Many cryptocurrency symbols start with numbers (e.g. 1inch,
3crv). PostgreSQL table names cannot start with a digit
without being quoted. This caused silent failures when the ORM generated unquoted DDL statements.
Solution: prefix all coin-derived table names with c_
and enforce double-quoting in all dynamic SQL generation. Added a validation step in the LISTINGS
stage that flags any symbol requiring special handling before the OHLCV stage runs.
Python's subprocess calling R scripts introduces failure
modes: R crashes don't propagate as Python exceptions by default, R output pollutes the Python
log stream, and environment differences between local and CI runners cause package version conflicts.
Solution: wrapped all R calls in a Python class that captures stdout/stderr separately, checks
return codes, and raises typed Python exceptions on failure. R environment pinned via
renv.lock. GitHub Actions caches the renv library
between runs.
Running health checks on dbcp while the DMV stage is
still writing to it risks reading partial data and generating false-positive anomaly alerts.
Solution: QA stage uses PostgreSQL REPEATABLE READ
transaction isolation. DMV writes continue in parallel without blocking. QA sees a stable
snapshot; no false positives.
After reaching v4.4.0 production release:
cp_backtest.
-
R is genuinely better than Python for certain financial data ops.
The crypto2 package's pagination logic saved weeks of API client work. Pragmatic polyglot beats language purity every time.
-
Gemini QA summaries beat raw logs for operational monitoring.
A plain-English Telegram message is infinitely more actionable than scrolling through 800-line log files at midnight.
-
Timestamp filtering beats row-level duplicate detection at scale.
Always know the high-water mark before writing, not after.

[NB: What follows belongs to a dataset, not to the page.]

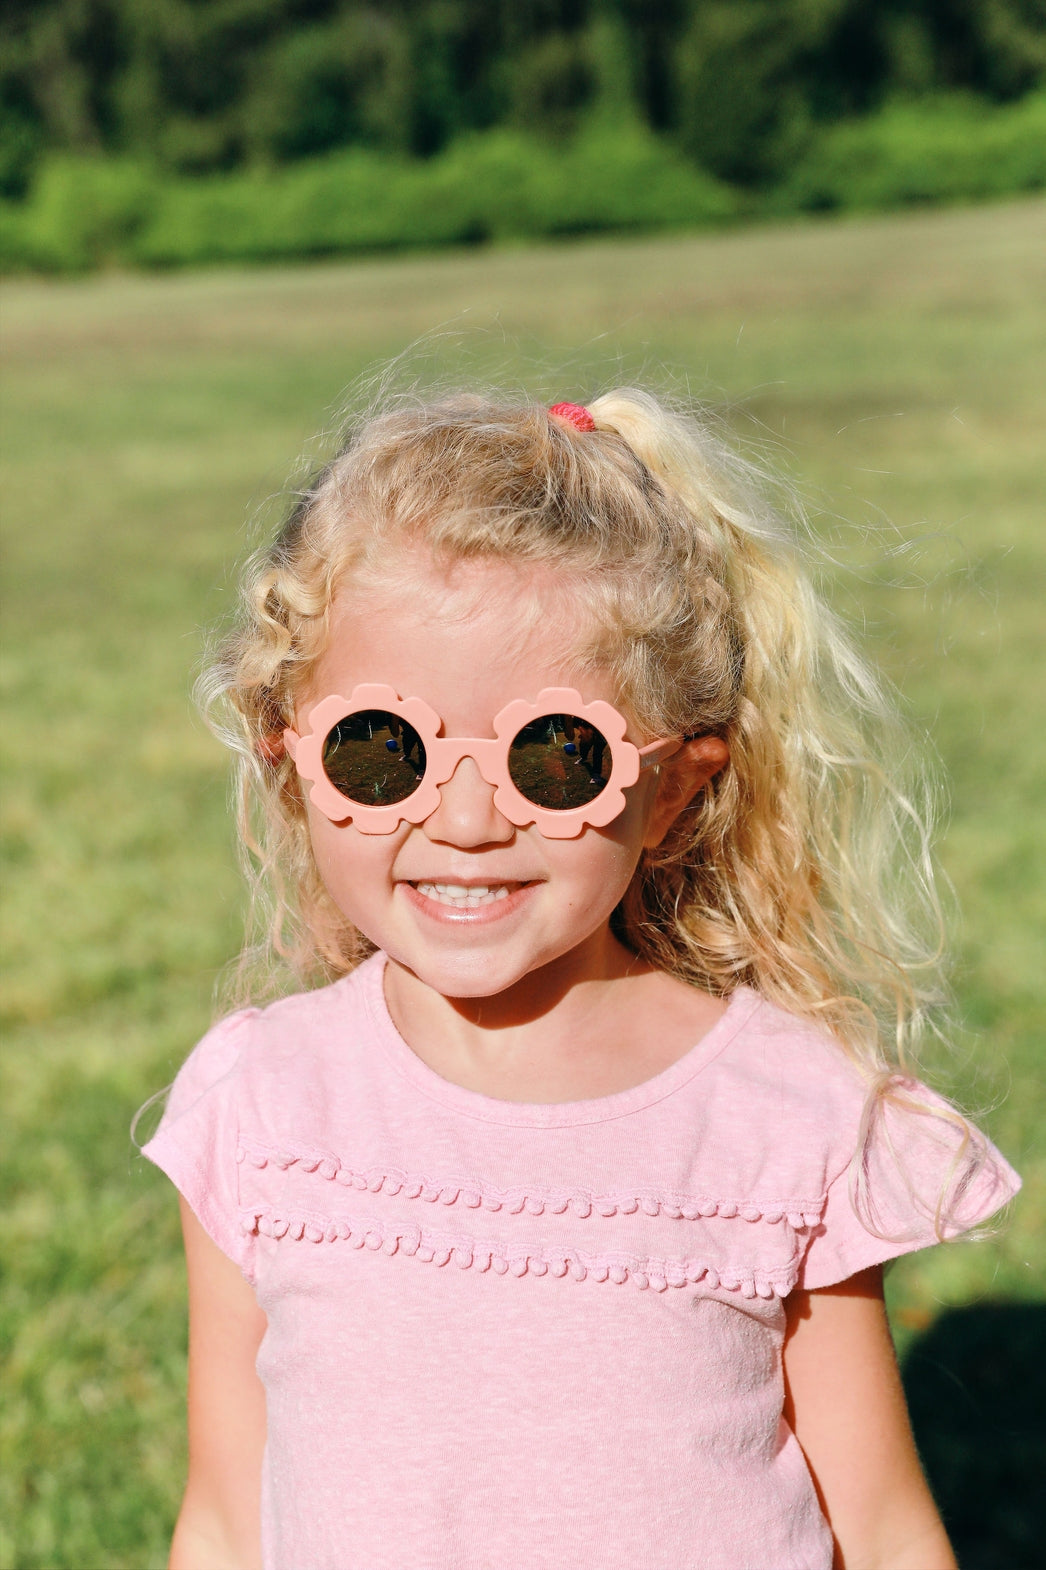 Babiators Original Flower Baby Sunglasses - Peachy Keen

Applicable to any append-heavy pipeline.
-
Separation of concerns in databases pays compound interest.
Distinct databases for live, AI, and backtest workloads prevented dozens of hours of query interference.
-
GitHub Actions is a surprisingly capable free production scheduler.
The 6-hour job timeout forced the pipeline optimisation that ultimately made everything faster anyway.